Changing Trends in the Refining Industry

There have been some major changes in the U.S. refining industry recently, prompted in part by a significant decline in the quality of imported crude oil and by increasing restrictions on the quality of finished products. As a result, high-quality crudes, such as the WTI crude that serves as a benchmark for oil futures on the New York Mercantile Exchange (NYMEX), have been trading at record premiums to the OPEC Basket price. 

WTI is a “light, sweet” crude: light because of its low density and sweet because it has less than 0.5 percent sulfur content by weight. This combination of characteristics makes it an ideal crude oil to be refined in the United States, yielding a greater portion of its volume as “light products,” including both gasoline and diesel fuel. Premium crudes like WTI yield almost 70 percent of their volume as light, high-value products, whereas heavier crudes like Mars (from the deepwater Gulf of Mexico) yield only about 50 percent of their volume as light products. The AEO2006 projections use the average price of imported light, sweet crudes as the benchmark world oil price [25]. 

The average sulfur content of U.S. crude oil imports increased from 0.9 percent in 1985 to 1.4 percent in 2005 [26], and the slate of imports is expected to continue “souring” in coming years. Crude oils are also becoming heavier and more corrosive than they were in the past, largely because fields with higher quality varieties were the first to be developed, and refiners’ preference for quality crudes has led to the depletion of those reserves over the past 100 years and reduced the market share of the light, sweet crude that remains. 
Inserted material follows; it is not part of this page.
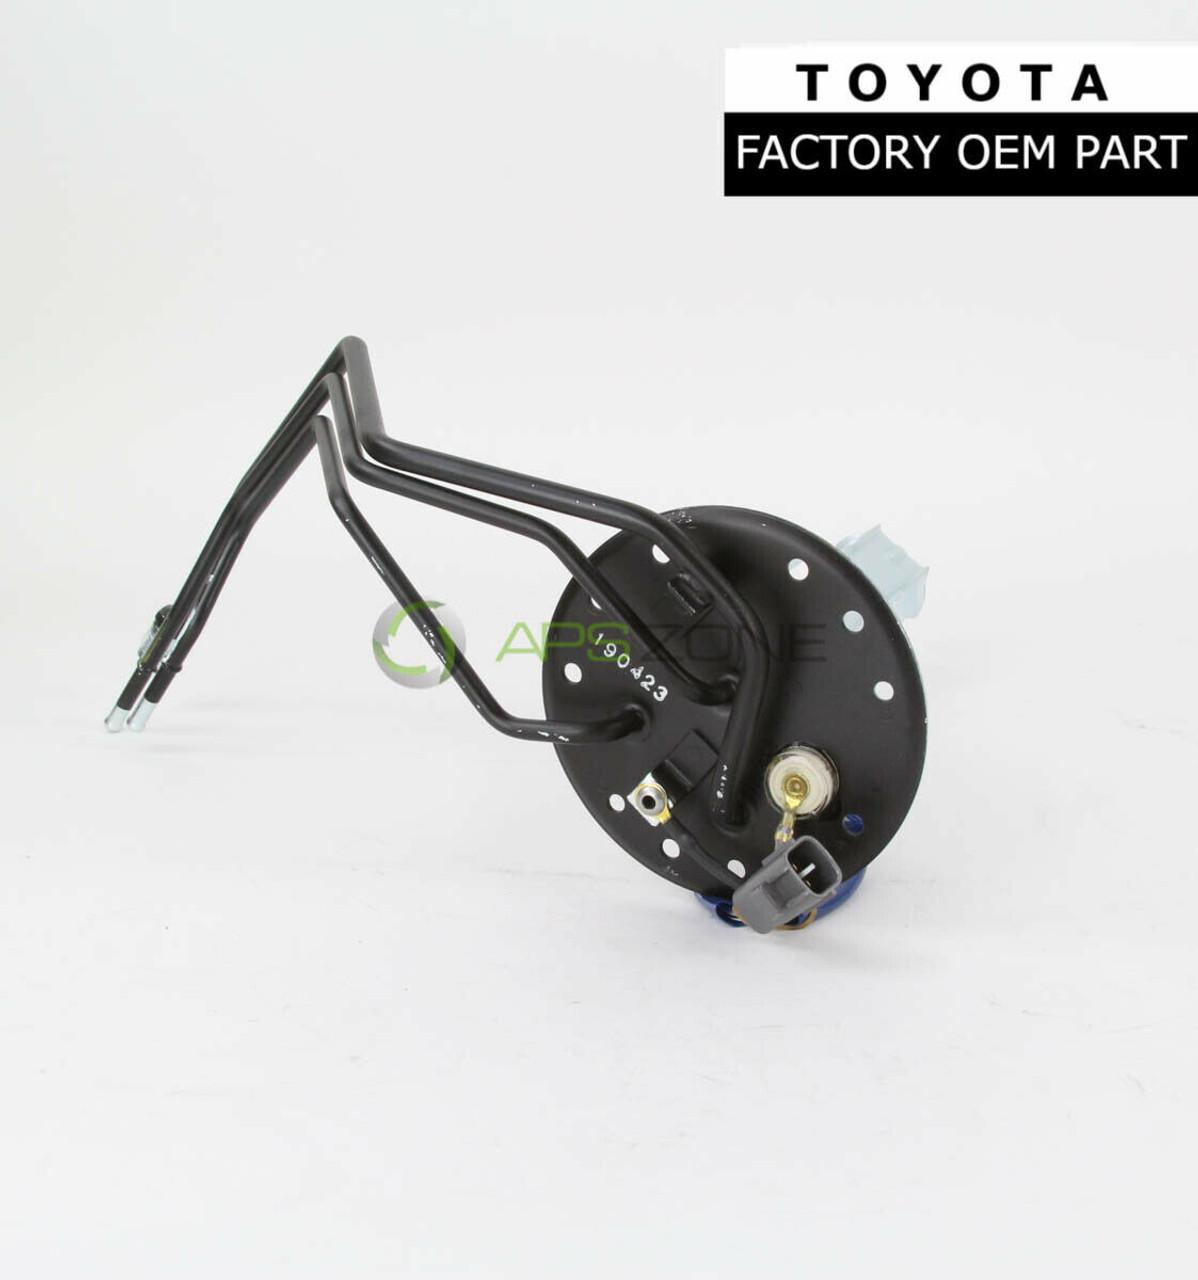 Genuine Toyota 15767-31020 Engine Oil Cooler Pipe

The industry standard measure for oil density is API gravity; a lower gravity indicates higher density (heavy viscous oil), and a higher gravity indicates lower density (lighter, thinner oil). Over the past 20 years, the API gravity of imported crude oil has steadily declined, from 32.5 degrees to 30.2 degrees [27]. The standard measure for corrosiveness is the total acid number (TAN), indicating the number of milligrams of potassium hydroxide needed to neutralize the acid in 1 gram of oil. The most corrosive crudes, with TANs greater than 1, require significant accommodation to be processed. Usually, their corrosiveness is mitigated by the addition of basic compounds to neutralize the acid; however, some refiners have chosen instead to upgrade all their piping and unit materials to stainless steel. Whereas there were virtually no high-TAN crudes processed in 1990, they now make up about 2 percent of the crude oil slate, and a Purvin & Gertz forecast indicates that they will increase to 5 percent or more in 2020 [28] (Figure 14). 
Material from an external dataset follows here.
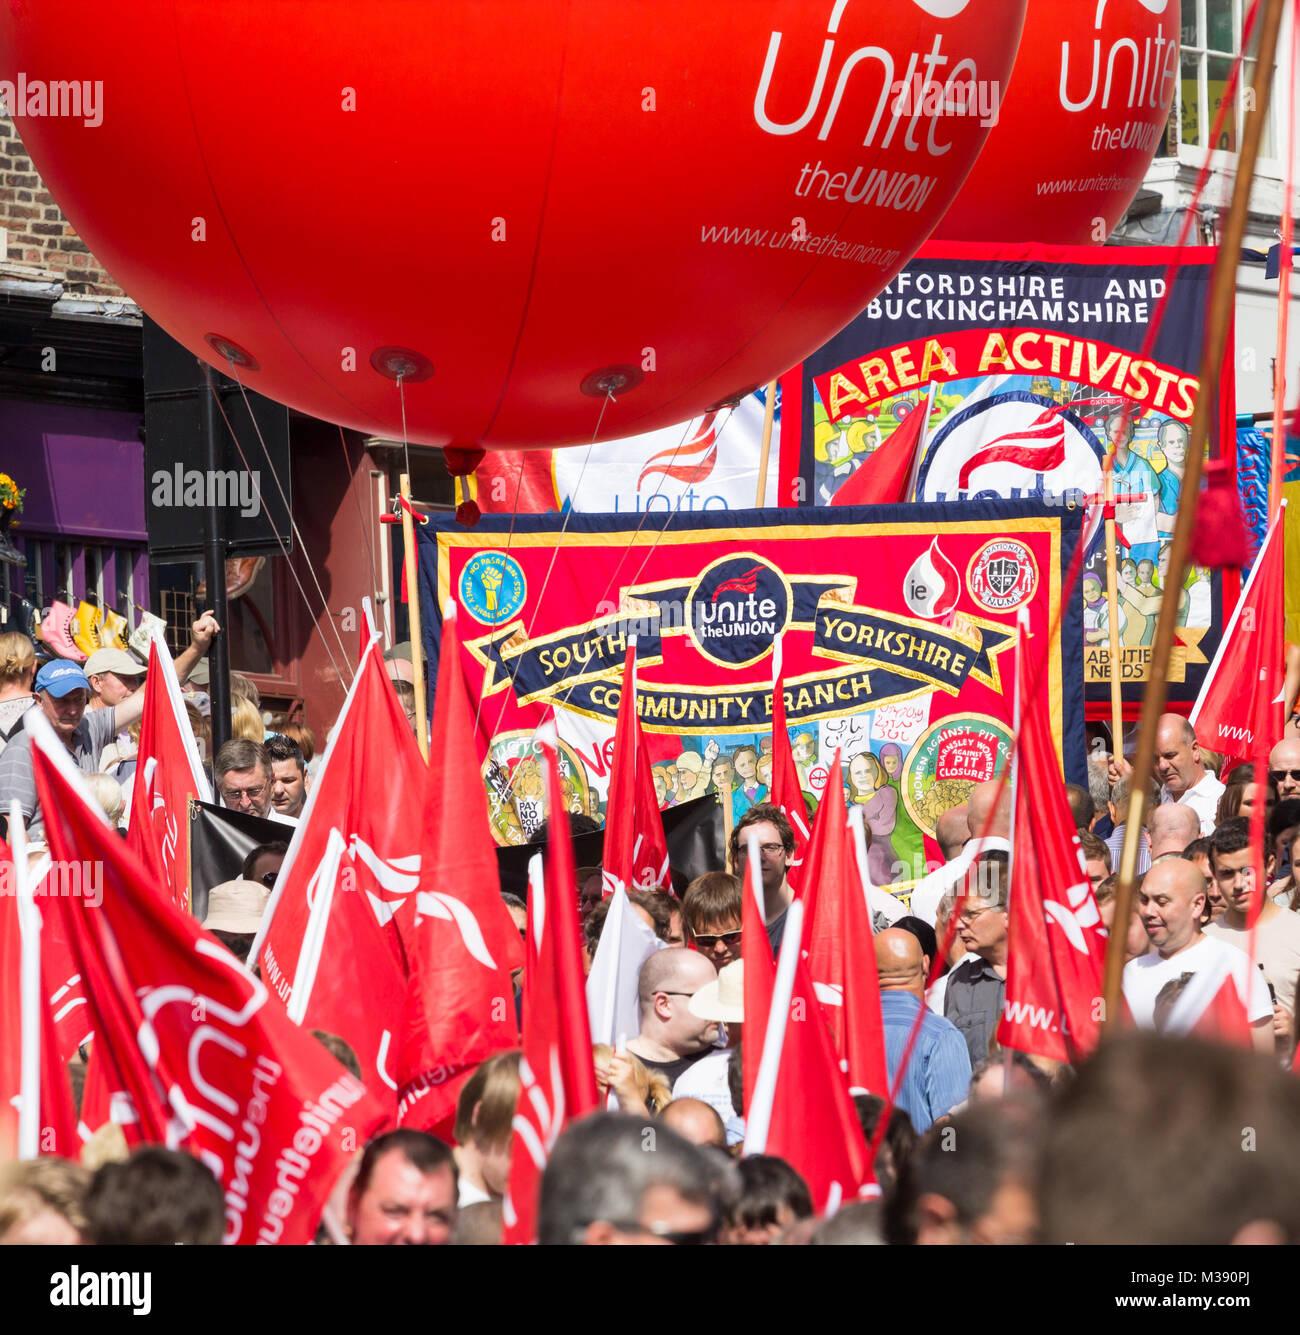 Unite union banners at Durham Miners Gala. Durham, United Kingdom. - Stock Image

As refining inputs have declined in quality, demand for high-quality refined products has increased. The EPA has developed new environmental rules that will require refineries to reduce the amount of sulfur in most gasoline to 30 ppm by 2006, from over 400 ppm in the early 1990s, and the sulfur content of highway diesel fuel to 15 ppm by October 2006, from over 2,000 ppm before 1993. By 2014, virtually all diesel fuel must be below 15 ppm [29] (Figure 15). To meet these specifications at the pump, refiners must produce diesel containing one-half that amount of sulfur before it enters the distribution system, because the low-sulfur product is expected to pick up trace amounts of sulfur as it moves through pipelines and other distribution channels. 
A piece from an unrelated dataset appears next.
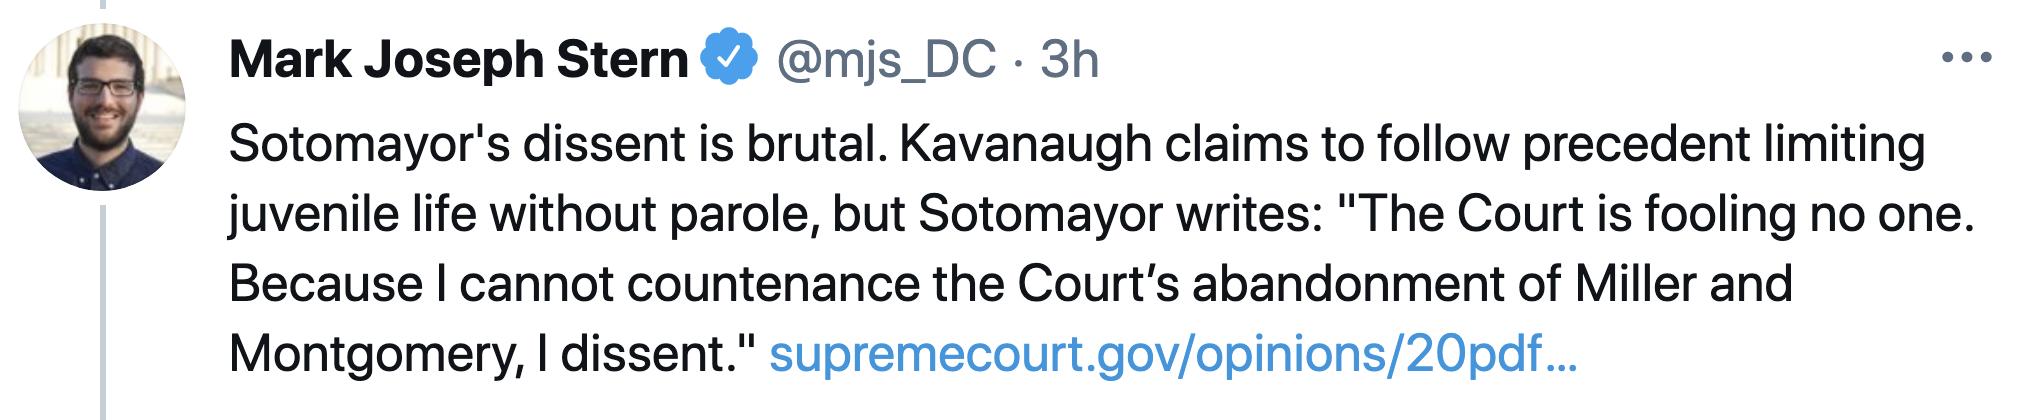 Screen-Shot-2021-04-22-at-12.51.51-PM Sonia Sotomayor Steamrolls Over Brett Kavanaugh In Thursday Rebuke Child Abuse Featured Politics Supreme Court Top Stories

To meet higher quality standards with poorer quality feedstocks will require significant investment by U.S. refiners. The principal method for reducing sulfur content in fuels is hydrotreating, a chemical process in which hydrogen reacts with the sulfur in crude oil to create hydrogen sulfide gas that can easily be removed from the oil. Hydrotreaters are specialized for the refinery streams they process. In aggregate, the dramatically lower sulfur specifications for petroleum fuels will necessitate a doubling of U.S. hydrotreating capacity by 2030, to 27 million barrels a day, from 14 million barrels a day in 2004. Most of the new capacity (23.4 million barrels a day) is expected to be installed by 2015 (Figure 16). 

Low maximum sulfur specifications may also have implications for products not directly affected by the pending EPA rules. Suppliers of such high-sulfur products as jet fuel, home heating oil, and residual fuel may have to find alternative distribution channels if pipeline operators concerned about contamination stop accepting high-sulfur fuels. 

As for adapting to heavier crude slates, there are two basic approaches. The first is to “upgrade” the oil  to a lighter oil in the producing region, before it is sent to the refinery. Extra heavy oils, like those from the Orinoco region in Venezuela or the Alberta tar sands in Canada, are typically upgraded in a process that is both capital- and energy-intensive but can yield a highly desirable product. Canada’s Syncrude Sweet Blend produced from tar sands is a high-quality synthetic crude (syncrude) that trades at near parity with WTI; however, the cost of the upgrades is almost $15 a barrel, in addition to the cost of tar sands recovery. 

The second approach is to “convert” heavy oil at the refinery directly to light products, in a process more typical of the refining process for conventional oils. Chief among methods of conversion is thermal coking, in which heavy oil from a vacuum distillation unit is fed to a heating unit (coker) that splits off lighter hydrocarbon chains and routes them to the traditional refinery units. The almost pure carbon remaining is a coal-like substance known as petroleum coke. The accumulated coke can be removed from the coking vessels during an off cycle and either sold, primarily as a fuel for electricity generation, or used in gasification units to provide power, steam, and/or hydrogen for the refinery. 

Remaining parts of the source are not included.